Can you do SOA and still have good end-user response time? With its emphasis on abstraction and loose coupling of application system components (the better to achieve agility with respect to extending application capabilities, and flexibility in terms of mixing and matching computing platforms at various application tier levels), SOA tends to increase an application's instructional path length (meaning, the app will consume more CPU cycles than one architected along more monolithic lines). Thus, going the SOA route could lead to elongated end-user response times. This performance hit can be mitigated through several means, one being the use of message queuing software (such as IBM's WebSphere MQ, formerly known as MQSeries) to de-couple back-end database processing from the front-end response to the user (in other words, make back-end processing asynchronous from the perspective of the end user). Another SOA performance-boosting technique involves the use of cache servers to speed response for certain data-retrieval requests (you can read more about the use of message queues and cache servers to enhance SOA application performance in an article I wrote on the topic for IBM Database Magazine).

Dan Luksetich talked up another option for improving the performance of an SOA application: drive multitasking. If the back-end processing associated with a transaction involves the execution of, say, three discrete tasks, see if you can kick off three processes that can do the required work in parallel.
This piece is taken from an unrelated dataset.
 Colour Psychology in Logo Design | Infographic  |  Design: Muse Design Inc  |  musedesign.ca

This is where enterprise service bus (ESB) and workflow orchestration software (sometimes referred to as a "process engine") can really come in handy (read more about this in my IBM Database Magazine column titled "Get on the Enterprise Service Bus").

SOA can impact database design as well as application design. Often, an SOA project will result in a DB2 database design that is more highly normalized versus a database designed for an application with a monolithic architecture. This has to do with the goal of loose coupling (i.e., dependency reduction) that is a key aspect of an SOA. What you want is a database design that is driven by the nature of the data in the database, as opposed to a design that is aimed at optimizing the performance of a particular application (the latter approach sounds good until you start thinking about other applications that could be built on the same database foundation - it can be to an organization's advantage to trade some database processing efficiency for improved flexibility).
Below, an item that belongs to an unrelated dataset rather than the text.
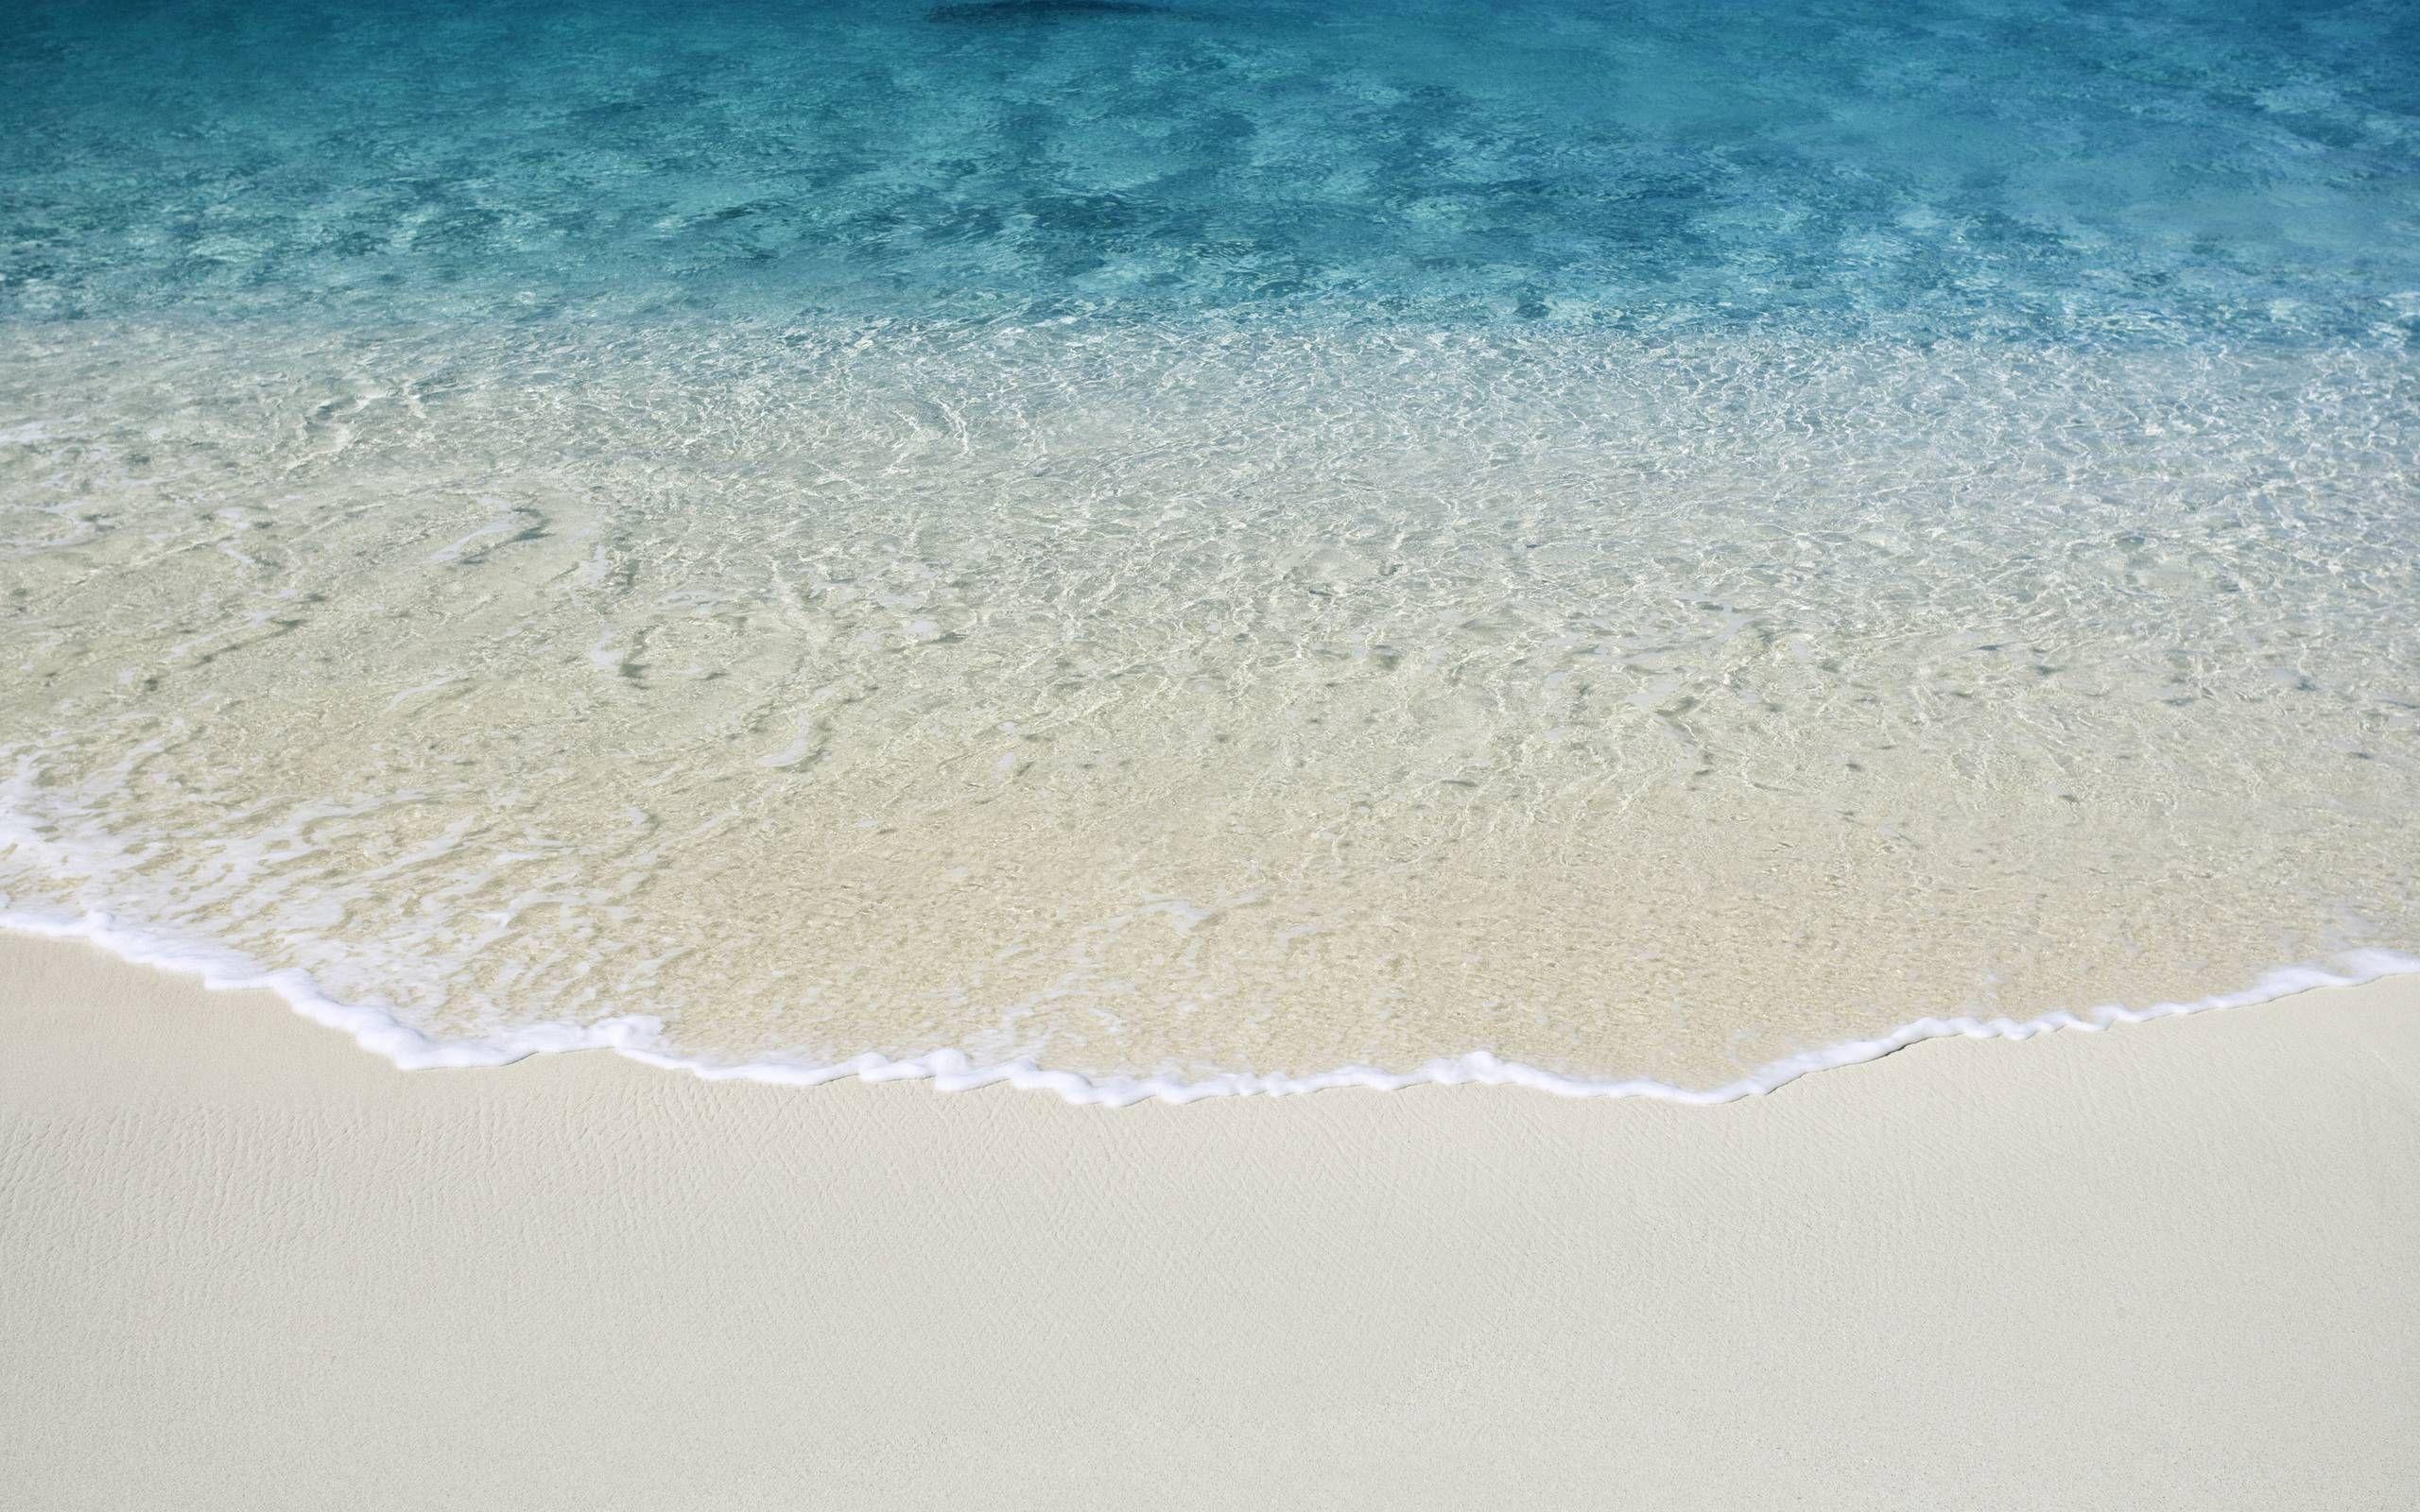 Summer Sand Wallpapers Summer Sand Stock Photos

SOA can be an impetus for database consolidation on a mainframe server. As previously mentioned, an important aspect of SOA is abstraction of one application system tier (e.g., the data layer) from another (such as the business layer). Another key characteristic of an SOA is standardization with respect to interactions between programs running in different tiers of the application system. Once this abstraction and standardization has been achieved, the platform on which data and data access logic resides should not be a concern to a business-logic programmer. The data server of choice should be the one that can deliver the scalability, availability, and security needed by the organization, and a mainframe (or parallel sysplex mainframe cluster) running DB2 for z/OS is not going to be beat on that score. Indeed, several of the SIG participants spoke of the momentum behind consolidation of databases from distributed systems servers to mainframes that is due in part to the progress of SOA implementation efforts.

That's pretty cool: the mainframe, referred to by some as a "legacy" (read: old-fashioned) server platform, is shining anew as a primo foundation for leading-edge enterprise applications designed in accordance with SOA principles. A very satisfying SIG, indeed.